You could get through life never playing the number one song and not be hurt by it, because nobody would ever know that you didn’t. They would just assume you are. So I got this same philosophy, got all this stuff here, but you don’t know that I’ve got this great stuff here if I don’t tell you, but if I walk out of here thinking, “Aw, damn it. If I’d have been a little bit more disciplined, I could have gotten to some of that stuff.”

But then it’s just an internal thing bothering me. But you don’t even know. You think every show goes as intended and planned and if I didn’t talk about it, then I didn’t intend to. But then I go and tell you what I didn’t get to. Now all of a sudden you know. So am I committing a programming error there? No. I don’t think so. I’m looking at it as being totally up front and honest with you.

But the point is, the news cycle is crazy today, it would be — and I don’t mean this to be insulting — it wouldn’t be difficult at all to go through a program not taking any calls. And again, that’s not meant to be critical or insulting. It’s just an indication of how much there is out there.

But the reason I like taking calls is because one of the things — I love reacting. My creativity, my original thinking, my functioning synapses and little gray cells are really inspired in reaction mode, like when somebody says something to me or I see something that I want to react to, rather than sitting and brainstorming.

I don’t prep monologues. I don’t write them down, I don’t even make notes because my brain doesn’t work that way. I can’t write a speech in advance. My brain freezes. And if I trying to write something, you know, I’m one of these people that corrects every typo the moment I make them, and that just destroys train of thought and destroys memory, so I’ve given up even trying to do that.

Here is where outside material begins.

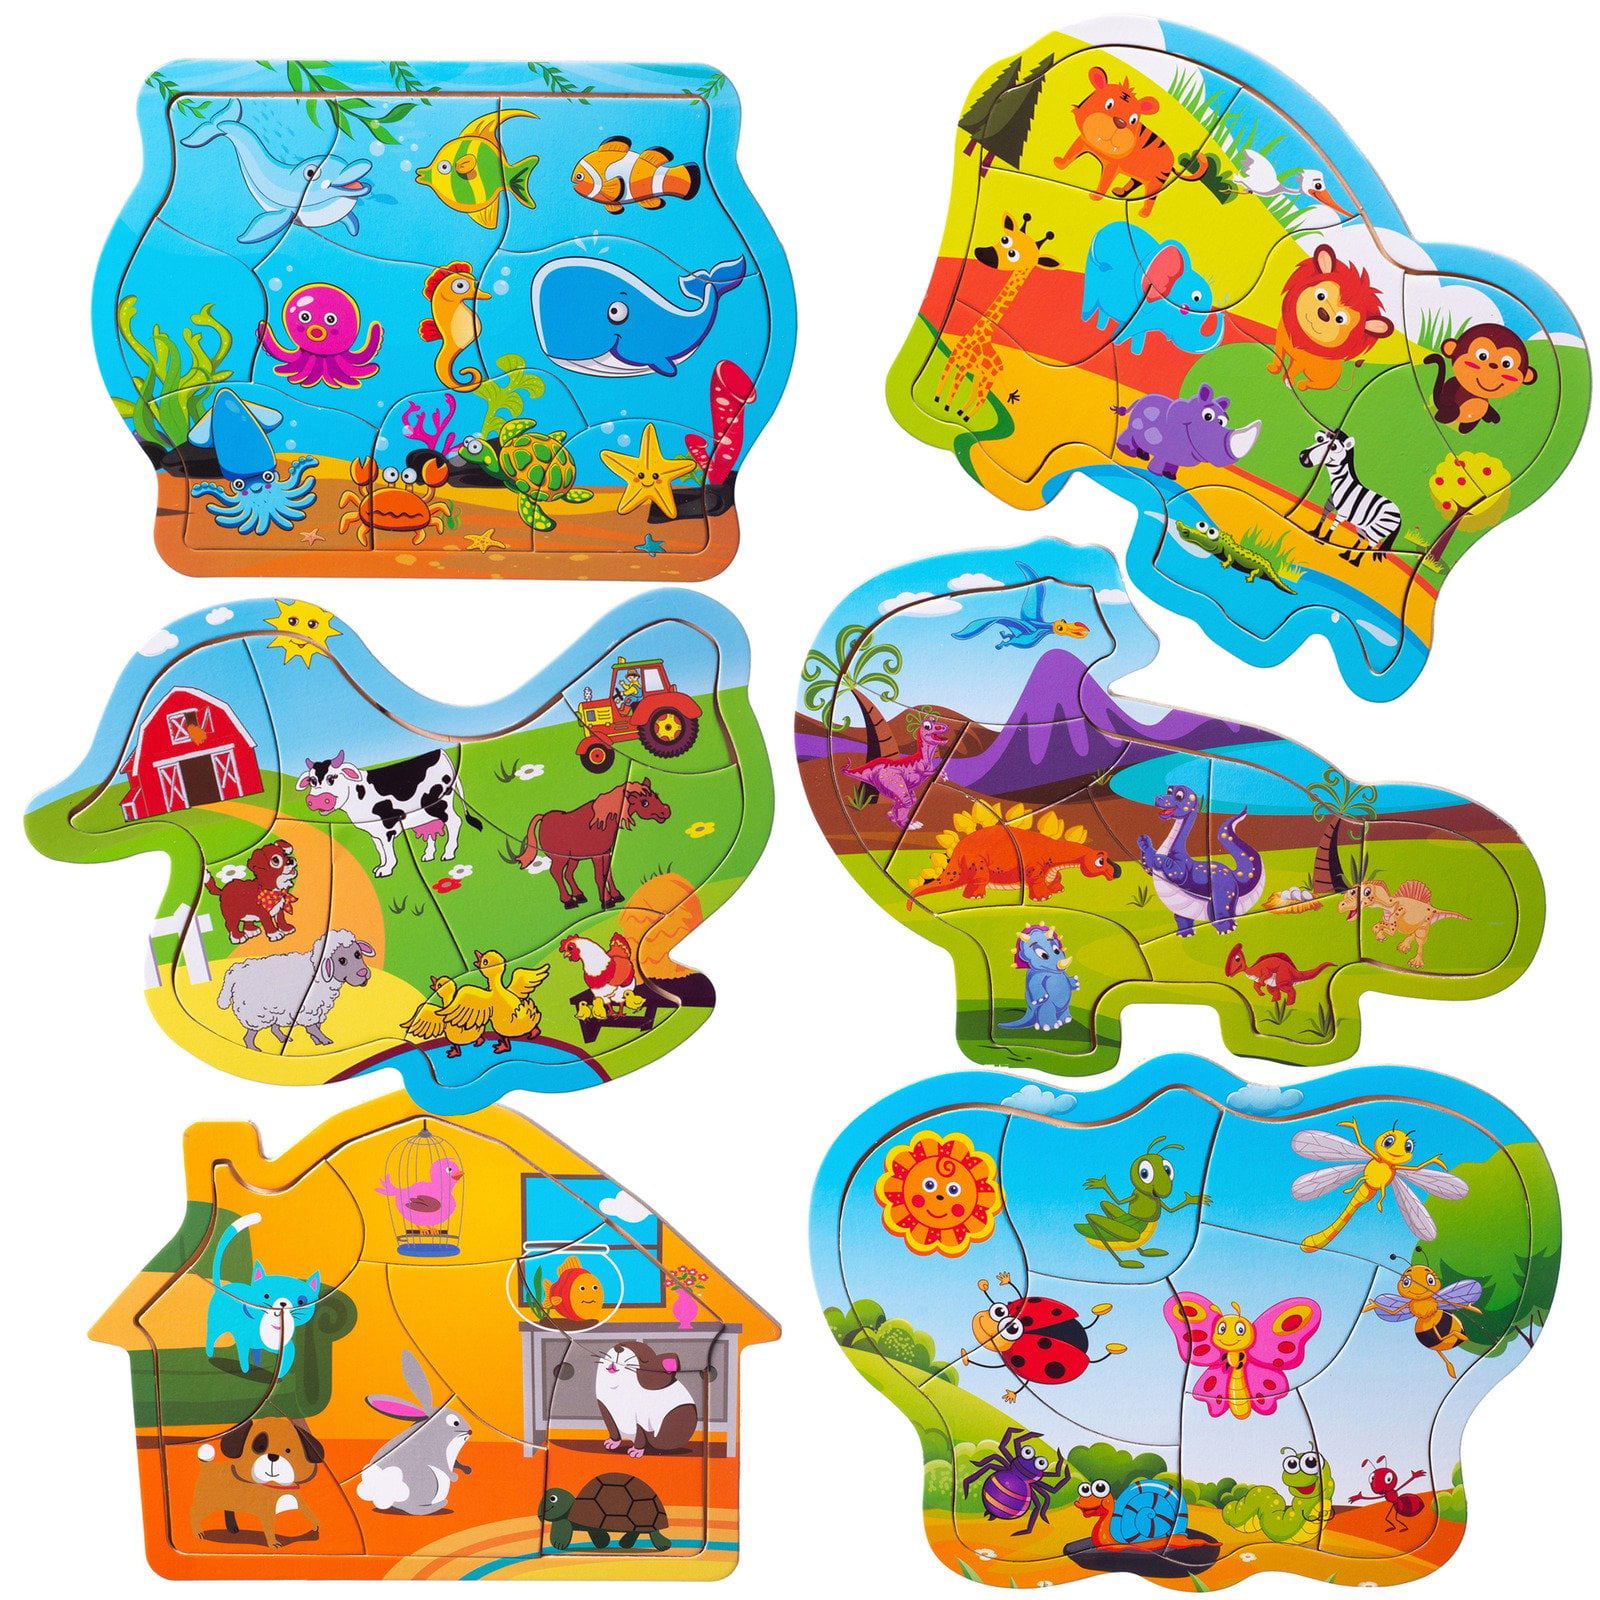 Eliiti Wooden Pets Animals Jigsaw Puzzle for Toddlers 2 to 4 Years Old Boy Girl

So phone calls provide many purposes on the program and I love getting reaction from people and I love, as I’ve mentioned, finding out how people think. Certain examples of it are incredible. People have a reaction to something that I have never even considered, and that’s one of the ways in which the purpose of calls is realized, and that purpose is to make the host look good. But not by endless compliments and sycophancy and things like that, but rather inspiring an already fertile brain to even higher speeds and greater output.